Шрифт:
Закладка:
— Я энту рану, что на спине, помню... Турок тобе штыком достал. А энти рубцы? На плече и на боку?
— В Гражданскую получил. Было дело, — бодро ответил сын, до красноты растираясь полотенцем.
— И скольки ж всего ран?
— Не считал, батяня.
— А тут вот, под ключицей, да и выше... Пятна какиесь... Навроде бабских поцелуев...
— Ох вы и глазастый! — ухмыльнулся сын и быстро нашёлся: — Ожоги. От термитного снаряда.
— Хорошо, хоть глаза не спалило... Ну, одевайся живей! А то как пупок куриный посинел! — И, вдруг вспомнив, Тихон Маркяныч похвастал: — Нонешним летом я там, на проливе, сомяру впоймал. Одни усы — пять вершков! Кабы косой не промзил, ни в жисть не вытягнули б с Фаинкой.
— А где она? Что-то не видно.
— Степан линейку направил в Пронскую, в полицию. Взяли её попутно. Зараз она учителькой в волости устроилась.
— Она документы свои предъявляла? — с расстановкой спросил Павел Тихонович.
— Степан глядел. А что?
— Совсем не лежит у меня к ней душа.

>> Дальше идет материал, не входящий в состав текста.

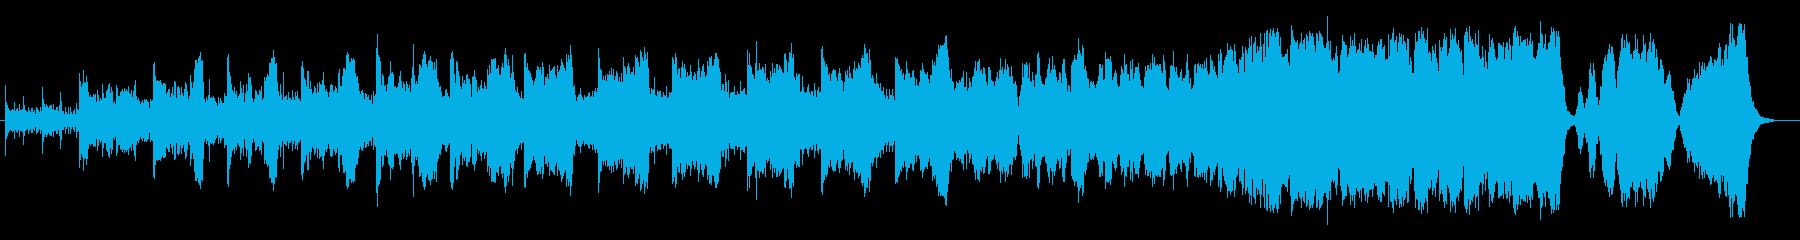 神秘的な教会音楽の再生済みの波形
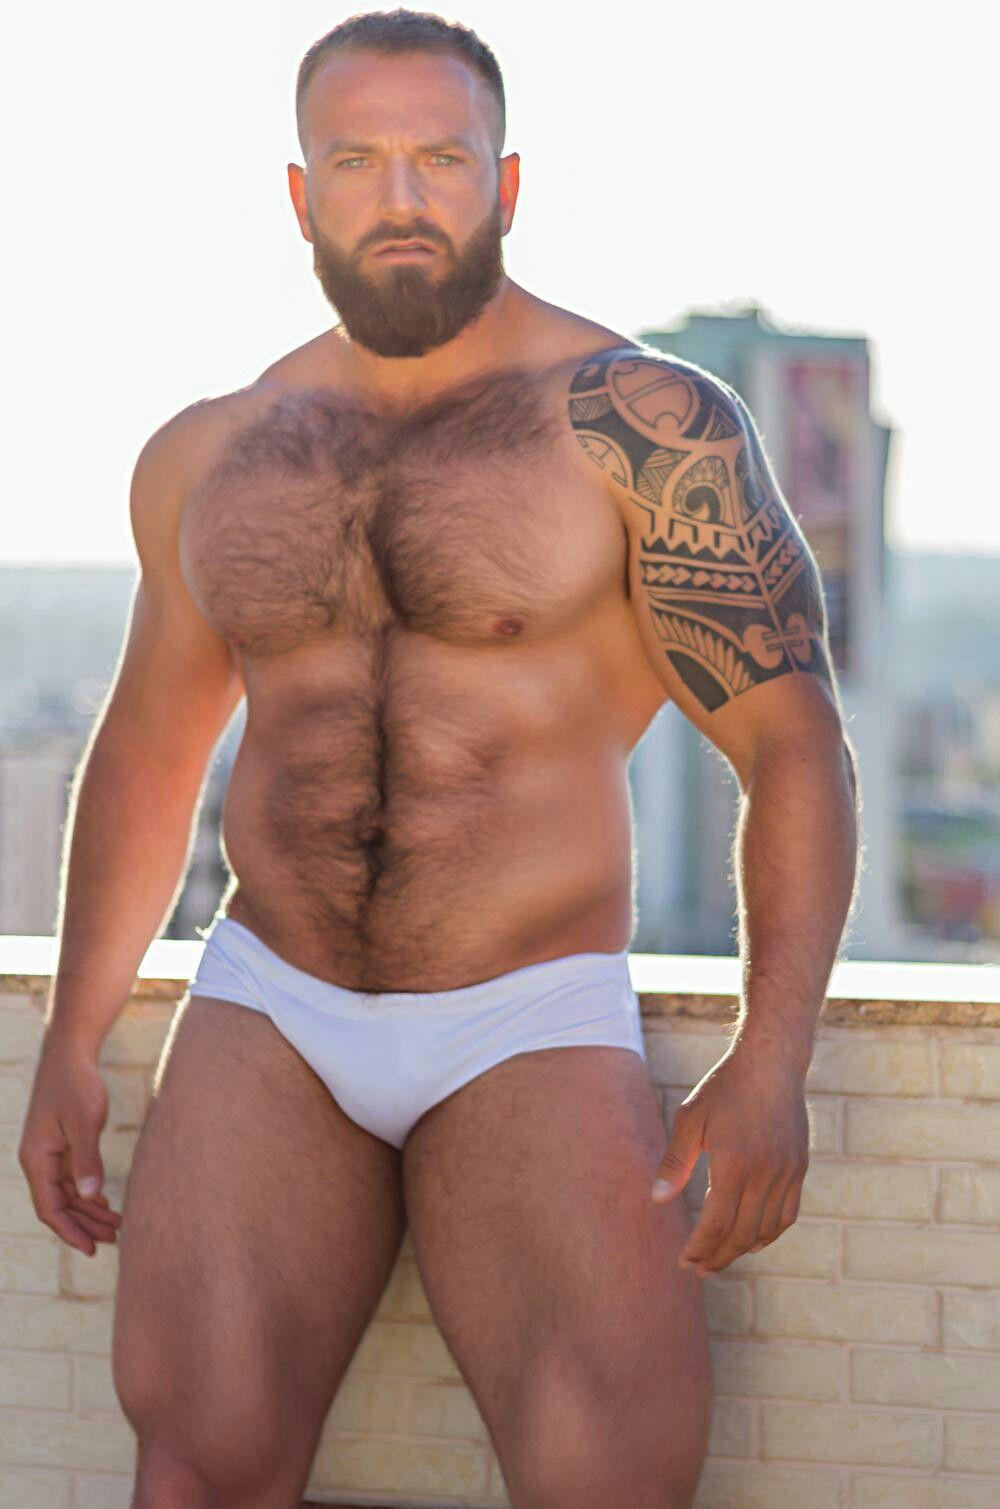 f37a7046c99 Men's Swimsuits, Swimwear, Beard No Mustache, Cute Boys, Hairy Men, Trunks

Какая-то скрытная.
— Ясное дело! Она ж дочка... — Тихон Маркяныч замер и закашлялся. — Дочка казака! Тожеть с кандибобером!.. Ну, слава богу, хоть рубашку на все пуговки застебнул. Был ты неслухом, им и остался...
После обеда Тихон Маркяныч, вооружившись посошком (с ним легче взбираться на кладбищенский бугор), отправился с Павлом в горестную дорогу. Шли молча, переживая каждый по-своему. На полбугре старик, умаявшись, остановился отдохнуть, а Павел выкурил две сигареты подряд. Ссутулившись, брёл он вслед за отцом между кладбищенских крестов, стараясь угадать материнскую могилку.
— Вот... — только и проговорил Тихон Маркяныч, оборвав шаги у холмика, поросшего цветущими дубками, под синим деревянным крестом.
Павел глотнул воздуха. Опустился на колени и уронил голову. Тронутый сединой чуб свесился и закрыл лицо. Несколько минут он не шевелился, а потом провёл ладонью по заклёклой земле. И только один раз послышался отцу недолгий, глубокий стон.
— Покойница по тобе, Паня, шибко кручинилась. Дюже любила. Прямо сказать, не чаяла души. В двадцать втором, осенью, голод силёнки подточил. Не уберегли...
На возврате, сойдя с тропы, Павел наломал букетик бессмертников. И всё разглядывал их, пока спускались со склона. Нежнолиловые и белёсые игольчатые лепестки, подсохшие на ветрах и солнце, крепко держались в чешуйчатых чашечках на упругих стеблях. Дивное очарование было в этих скромных степных цветах, о многом напомнили они...
Поравнявшись с крайним, полуобрушенным куренём за дырявым забором, Павел Тихонович приостановился и спросил:
— Тётка Варвара жива или нет?
— Хо! Она ишо колесом катается, — усмехнулся отец. — А было дело, чудок не посадили за знахарство.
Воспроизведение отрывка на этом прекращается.